By late 2019, the NLP community had two powerful but incompatible pre-training recipes. BERT’s bidirectional encoder was exceptional at understanding — it could see the full context on both sides of every token, making it ideal for classification, NER, and question answering. But BERT couldn’t generate text: its architecture had no decoder, no autoregressive mechanism. GPT’s causal decoder was exceptional at generation — it produced fluent text by predicting one token at a time — but saw only left context, making it weaker at comprehension tasks. Every practitioner had to pick a side. BART asked: what if you didn’t have to?
The core idea
The analogy: Think of a restoration archivist handed a damaged manuscript. The manuscript has passages blacked out, sentences scrambled, words missing. The archivist reads the whole damaged document carefully — using context from both before and after each damage — and then writes out the clean version from scratch. This process trains two distinct skills simultaneously: deep bidirectional reading (to understand what’s damaged and infer what’s missing) and fluent sequential writing (to produce the clean reconstruction).
That’s BART. The encoder reads a corrupted version of a document. The decoder generates the original clean document autoregressively, cross-attending to the encoder’s understanding at each generation step.
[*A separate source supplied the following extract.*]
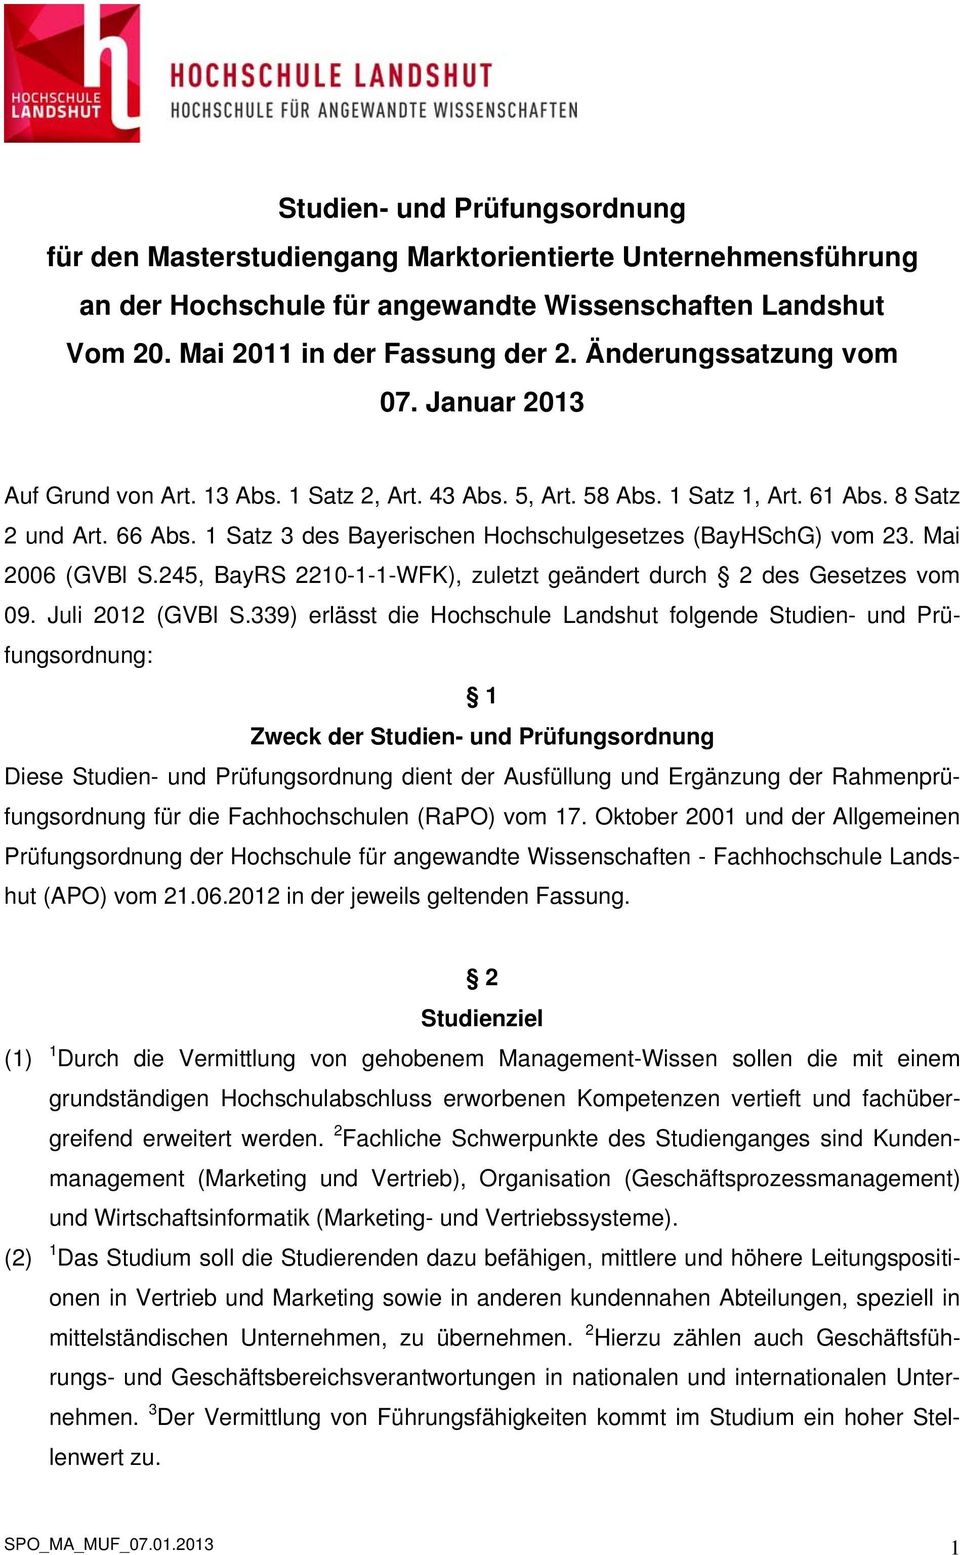 1 Satz 3 des Bayerischen Hochschulgesetzes (BayHSchG) vom 23. Mai 2006 (GVBl S.245, BayRS 2210-1-1-WFK), zuletzt geändert durch 2 des Gesetzes vom 09. Juli 2012 (GVBl S.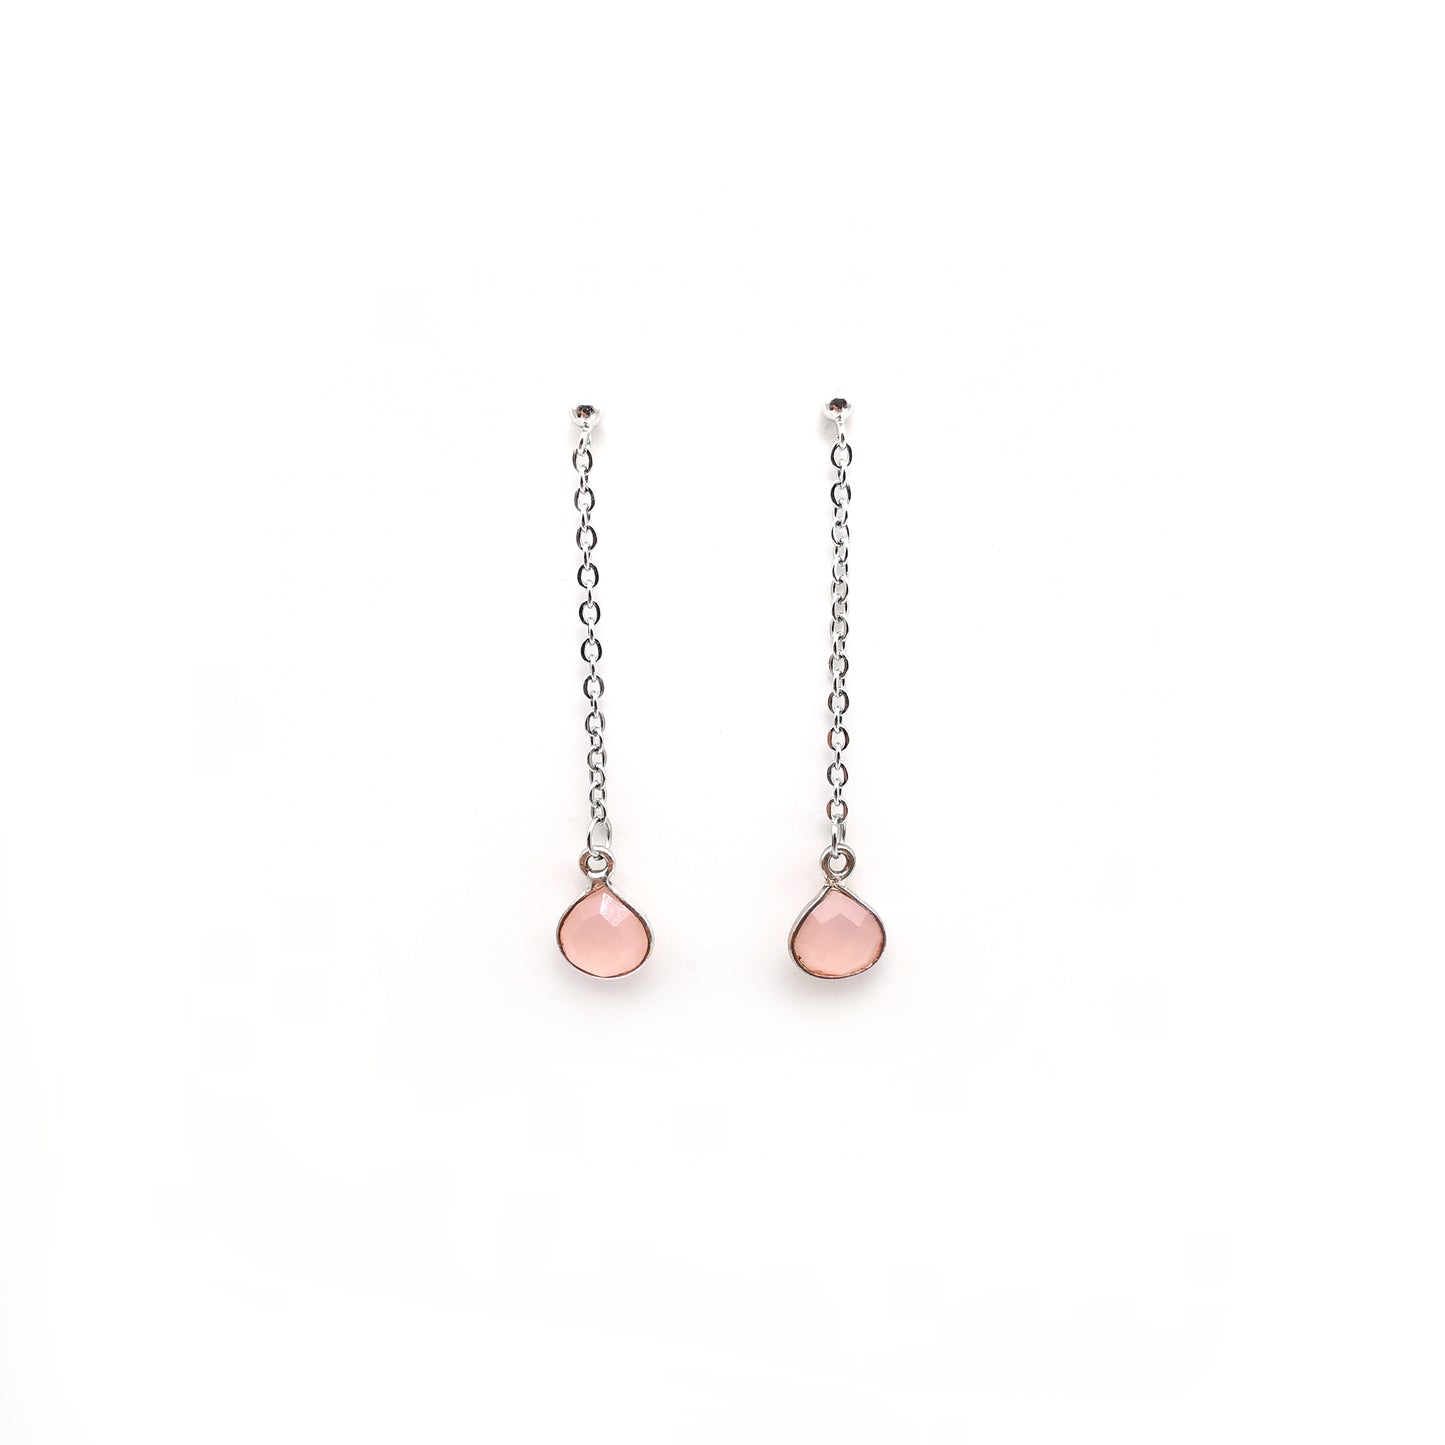 Pear Bezel Set Pink Chalcedony Long Earrings in Sterling Silver

Train long enough on this task and you have a model that’s simultaneously a strong bidirectional encoder (like BERT) and a strong autoregressive decoder (like GPT).
The mechanism, step by step:
- Take a training document (any text).
- Apply a noising function that corrupts the text: delete tokens, shuffle sentences, mask spans.
- The corrupted document is fed to a bidirectional Transformer encoder — it processes all corrupted tokens in parallel, seeing full context in both directions.
- A causal Transformer decoder generates the original clean document one token at a time, using causal self-attention over its own outputs so far, plus cross-attention to the encoder’s output at every layer.
- The training loss is the standard cross-entropy between the decoder’s output and the original text.
The architecture is identical to the original seq2seq Transformer — 12 encoder + 12 decoder layers for BART-large (about 400M parameters total, similar to RoBERTa-large). No new architectural components. The entire contribution is in what you train it to do.
Five noise types, one winner:
The paper evaluates five ways to corrupt text:
1. TOKEN MASKING (like BERT)
Original: "The cat sat on the mat"
Corrupted: "The [M] sat on the [M]"
Model knows: exactly N tokens are missing
2. TOKEN DELETION
Original: "The cat sat on the mat"
Corrupted: "The cat on the mat"
Model must find: which positions were deleted
3. TEXT INFILLING ← the novel contribution
Original: "The cat sat on the mat"
Corrupted: "The [M] mat" ← "cat sat on the" → single [M]
Model must infer: WHAT was removed AND HOW MANY tokens
4. SENTENCE PERMUTATION
Original: "Sent A. Sent B. Sent C."
Corrupted: "Sent C. Sent A. Sent B."
Model must restore: sentence order
5. DOCUMENT ROTATION
Original: "Token1 Token2 Token3..."
Corrupted: "Token3... Token1 Token2"
Model must identify: the start token
The winner: text infilling + sentence permutation combined. Text infilling alone is the best single-strategy for generation tasks. Sentence permutation alone is good for comprehension. Together they dominate on everything.
Why text infilling is the key insight:
BERT uses 1:1 token masking — one [MASK] per missing token. The model always knows exactly how many tokens to predict. It’s a fill-in-the-blank crossword: the number of blanks tells you the answer length.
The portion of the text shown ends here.